For most of these quantitative studies however, numerical models usually require a large number of parameters that makes it difficult to test their validity and to identify the main mechanisms governing the urbanization process. On the other hand, theoretical approaches propose in general a large set of coupled equations that are difficult to handle and amenable to quantitative predictions that can be tested against data. In addition, even if a qualitative understanding is brought by these theoretical models, empirical tests are often lacking.
The recent availability of geolocalized, historical data (such as in Perret et al., 2015 for example) from world cities (Angel et al., 2012) have the potential to change our quantitative understanding of urban areas and allows us to revisit with a fresh eye long-standing problems. Many cities created open-data websites (Mason, 2013) and the city of New York (US) played an important role with the release of the PLUTO dataset (short for Property Land Use Tax lot Output), where tax lot records contain very useful information about the urbanization process. For example, in addition to the location, property value, square footage etc., this dataset gives access to the construction date for each building. This type of geolocalized data at a very small spatial scale allows to monitor precisely the urbanization process in time.

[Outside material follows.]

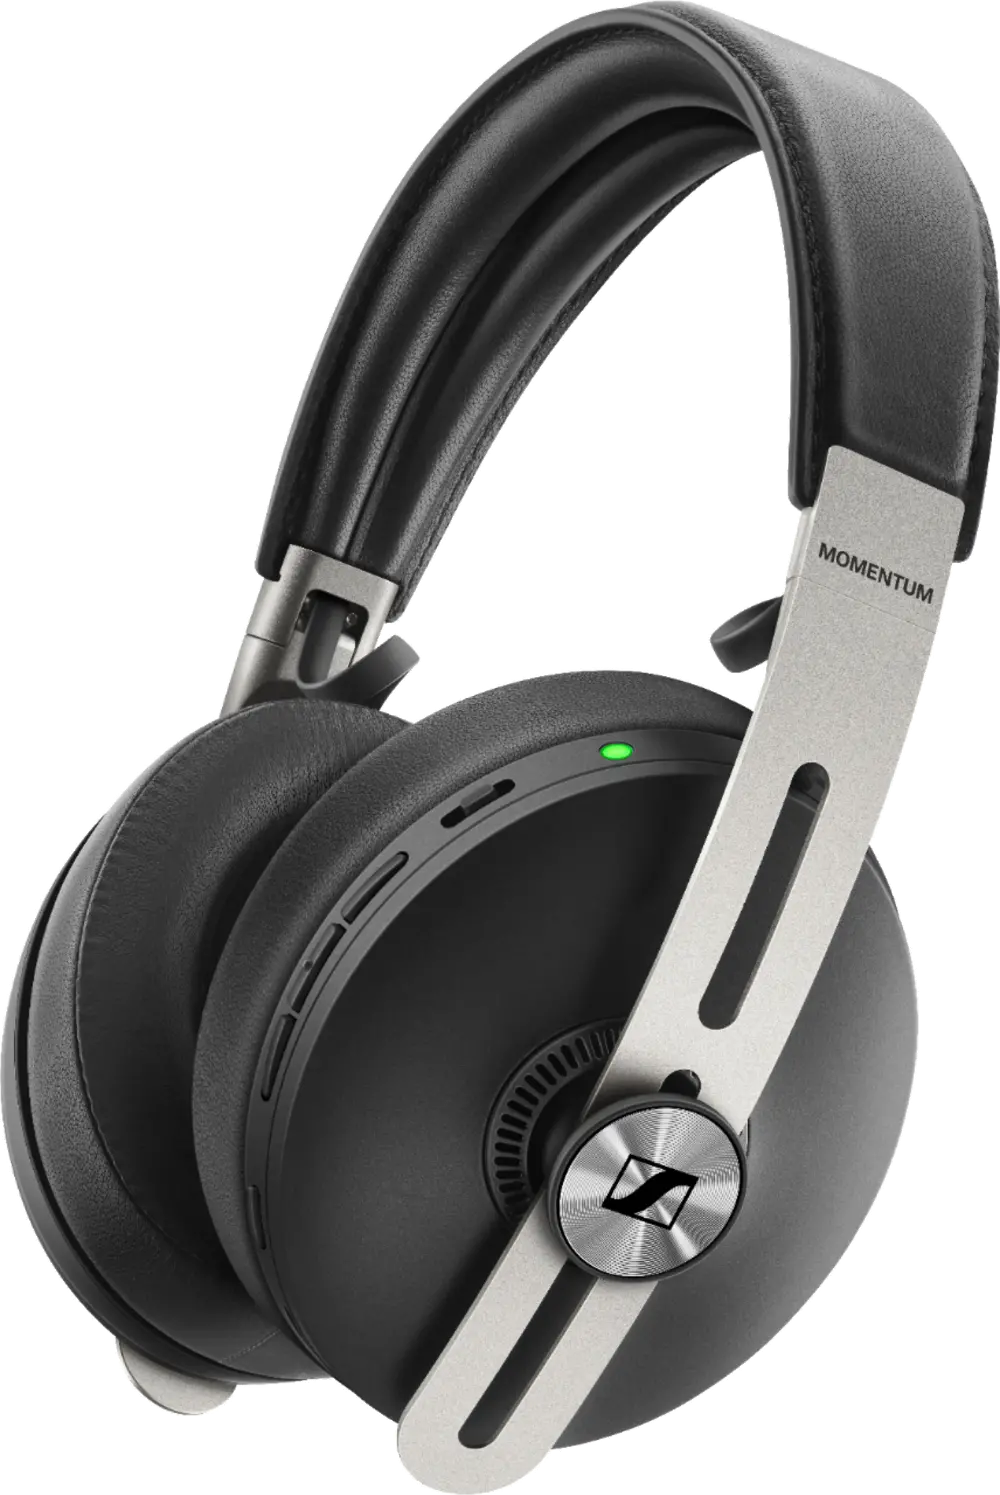 M3AEBTXL/MOMENTUM-OE Sennheiser Momentum Wireless Over-the-Ear Headphones - Black-1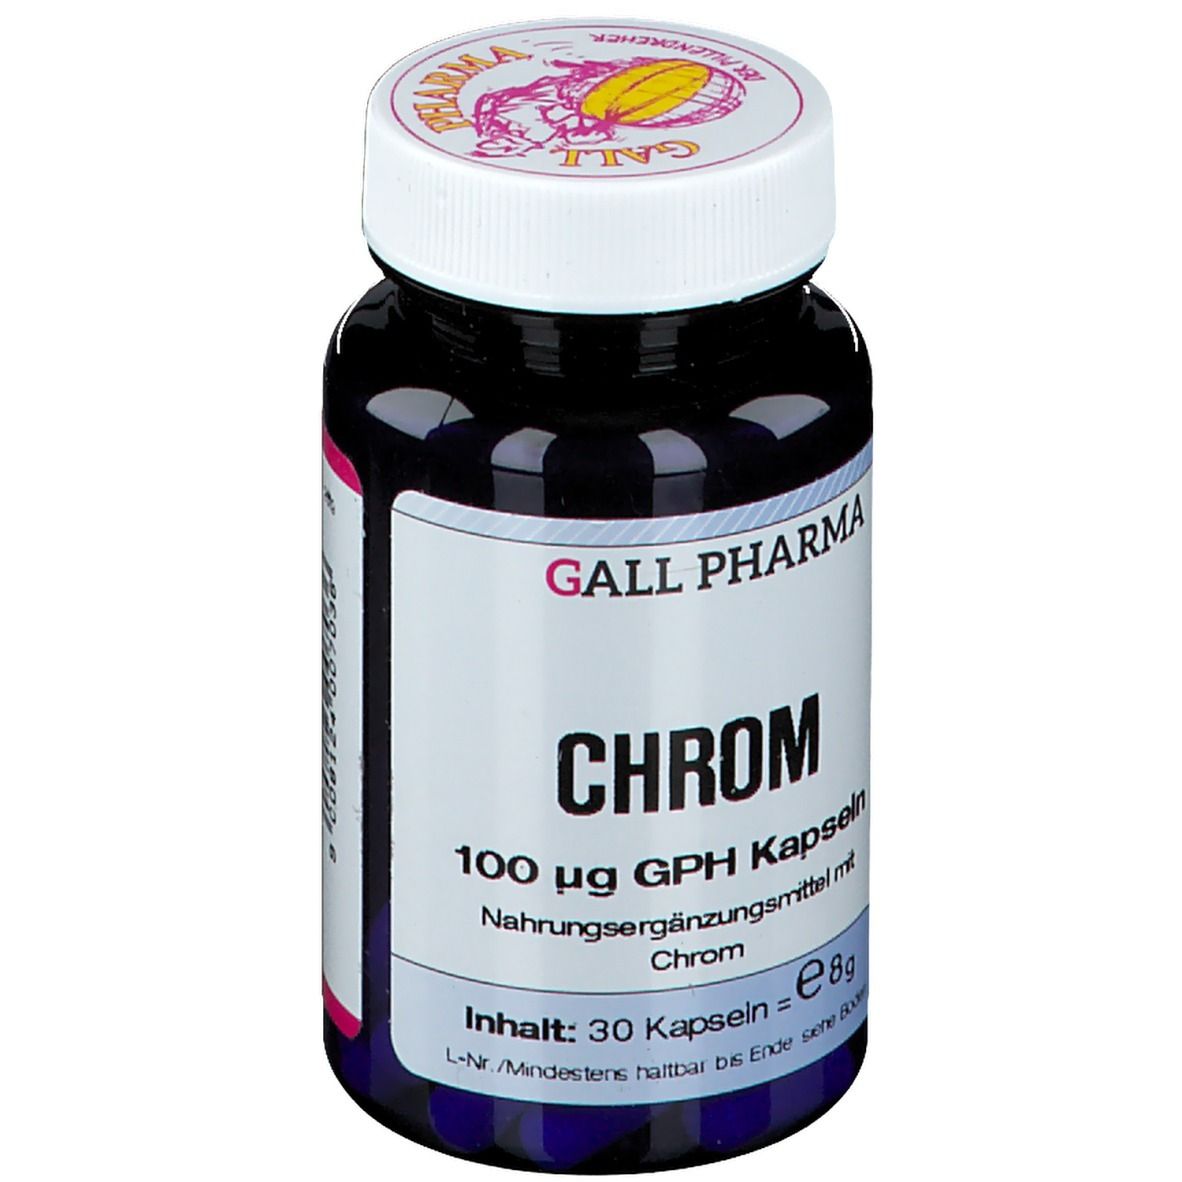 GALL PHARMA Chrom 100 µg GPH Kapseln

These datasets allow in particular to produce ‘age maps’ where the construction date of buildings is displayed on a map (see Figure 1 for the example of the Bronx borough in New York City). Many age building maps are now available: Chicago (Jacobsen, 2013), New York City, (Brandom, 2016), Ljubljana, Slovenia, (Plahuta, 2013), Reykjavik, Iceland, (Riggott, 2016), etc. In addition to be visually attractive (see for example, Morphocode, 2016; Palmer, 2014), these maps together with new mapping tools (such as the urban layers proposed in Morphocode, 2016) provide qualitative insights into the history of specific buildings and also into the evolution of entire neighborhoods. Palmer (2013) studied the evolution of the city of Portland (Oregon, US) from 1851 and observed that only 942 buildings are still left from the end of the 19th-century, while 75,434 buildings were built at the end of the 20th-century and are still standing, followed by a steady decline of new buildings construction since 2005. Inspired by Palmers map, Plahuta (2013) constructed a map of building ages in his home town of Ljubljana, Slovenia, and proposed a video showing the growth of this city from 1500 until now (O’Hara, 2016). Plahuta observed that the number of new buildings constructed each year displays huge spikes that signalled important events: an important spike occurred when people were able to rebuild a few years after a major earthquake hit the area in 1899, and other periods of rebuilding occurred after the two world wars. In the case of Los Angeles (USA), the ‘Built:LA project’ shows the ages of almost every building in the city and allows to reveal the city growth over time (Ureta, 2016).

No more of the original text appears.